Background technology
In recent years, because the prosperity of communications industry, the market of radio area network (Wireless LAN) forms gradually, and existing many antennas that are used for wireless communication apparatus in the prior art, give the United States Patent (USP) the 6th of Ying as on December 26th, 2000,166, No. 694 " printed twin spiral dual-band antenna (Printed twin spiral dual band antenna) ", it discloses a kind of communication device that is used for wireless telecommunication system, this device comprises a printed circuit board, one dielectric substrate surface adhering is in this printed circuit board (PCB), and antenna seal places on this dielectric substrate.Yet this antenna seal places on this dielectric substrate, is installed on this printed circuit board (PCB) in the surface adhering mode again, suitable complexity and cost costliness on making, and its shared space is quite big, and be not suitable for the requirement of electronic product volume-diminished now.
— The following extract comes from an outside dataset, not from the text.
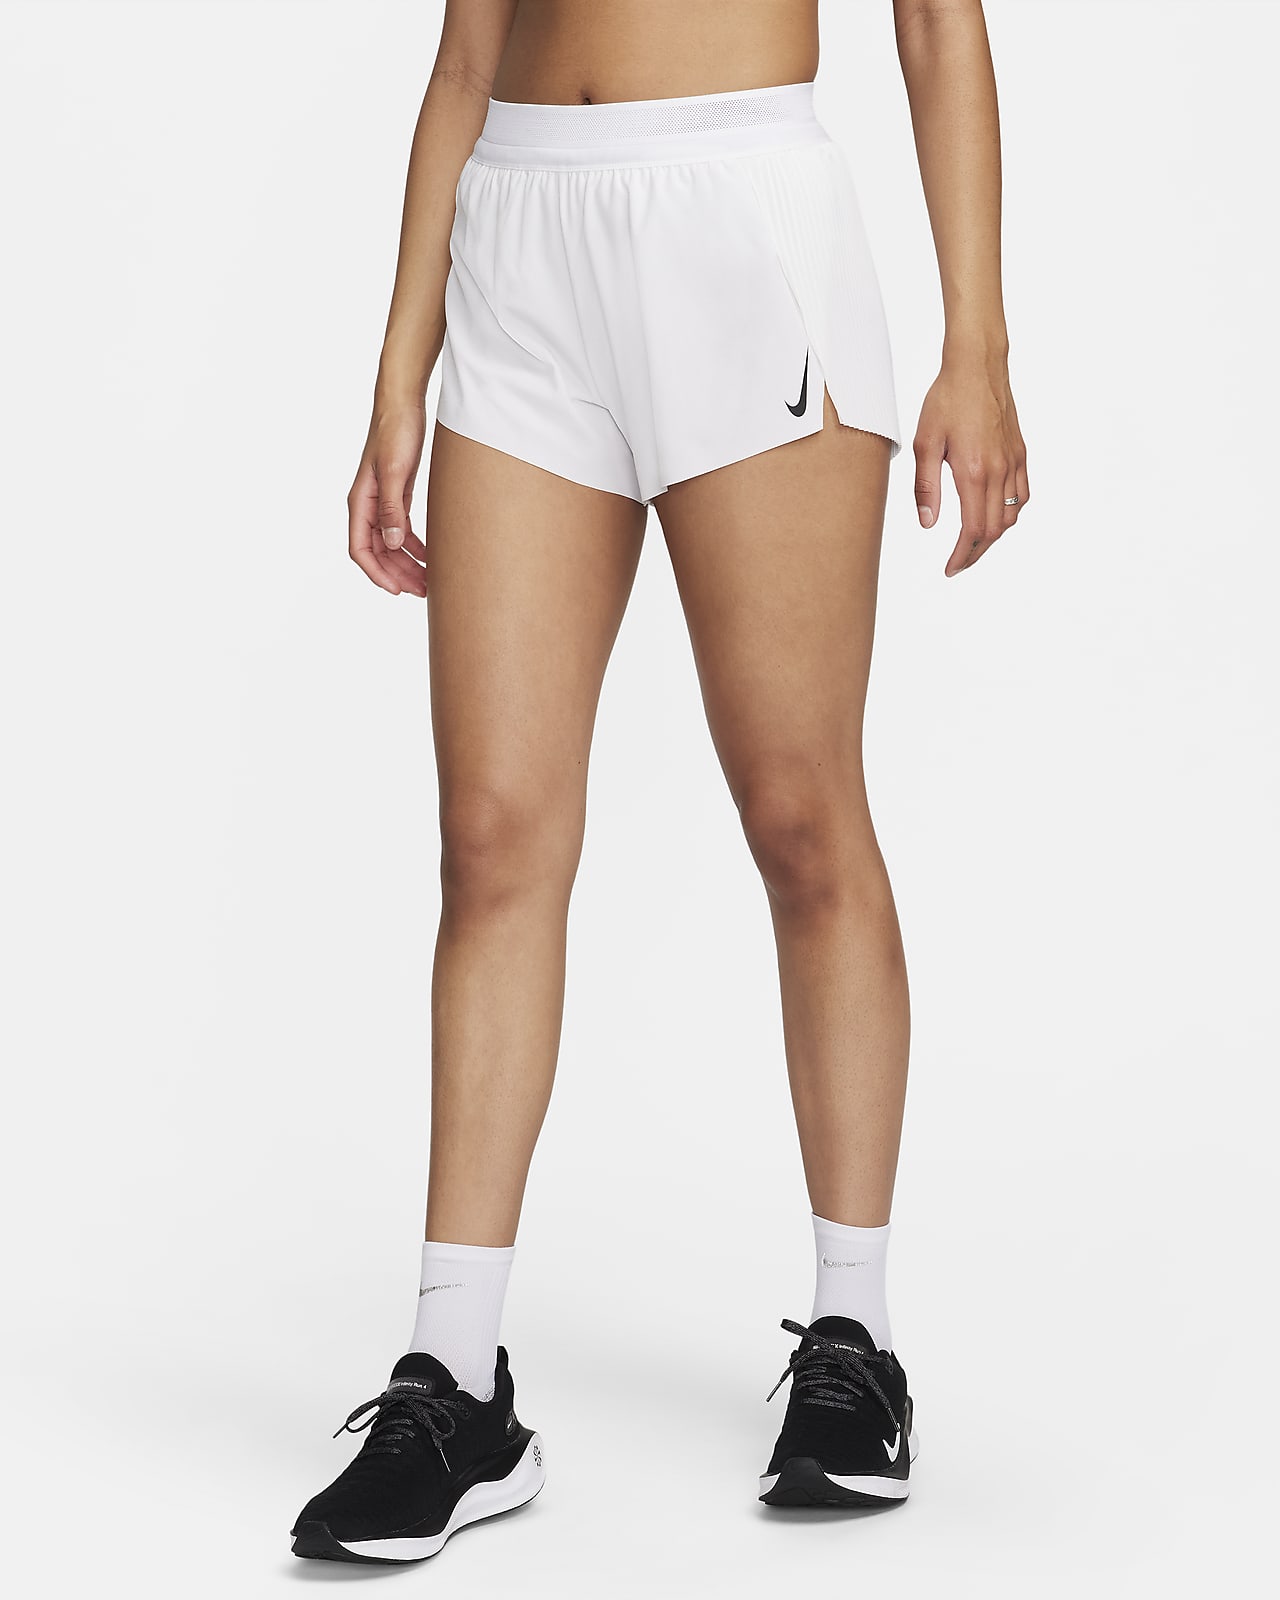 Short de running taille mi-haute avec sous-short intégré Dri-FIT ADV Nike AeroSwift 8 cm pour femme

And gave the United States Patent (USP) the 6th of Wu on December 28th, 1999,008, No. 774 " the printed antenna structure (Printed antenna structure for wirelessdata communications) that is used for wireless data communication ", it discloses a kind of notebook computer that is used for radio area network or other is small-sized, the printed antenna of portable radio data communication product, it comprises a printed circuit board (PCB), one hook-shaped radiation metal wires, be printed on the upper surface of this printed circuit board (PCB), one load point is connected on this hook-shaped radiation metal wires, and a ground plane, be printed on the lower surface of this printed circuit board (PCB).Compared to the former, this invention is characterised in that this antenna is printed on the card (peripheral card), can be directly and the circuit system on the card integrate, yet this antenna only limits the use of in the radio area network system frequency range under the 24GHz single band.
Because the antenna of the wireless network khaki inside that present each electronic product is equipped with only has the single band operational capacity mostly.So, can expect increase gradually along with market, the wireless network card that the antenna of configuration only has the single frequency operation ability, its ability to work and the market competitiveness will be inadequate, but therefore the wireless network card antenna of development dual frequency operation will be the main flow trend of associated electrical product.Though the existing device that can be used for dual frequency operation of existing technology, yet this antenna must be considered the correlation of this each element of antenna when adjusting frequency of operation, be quite complicated in the use.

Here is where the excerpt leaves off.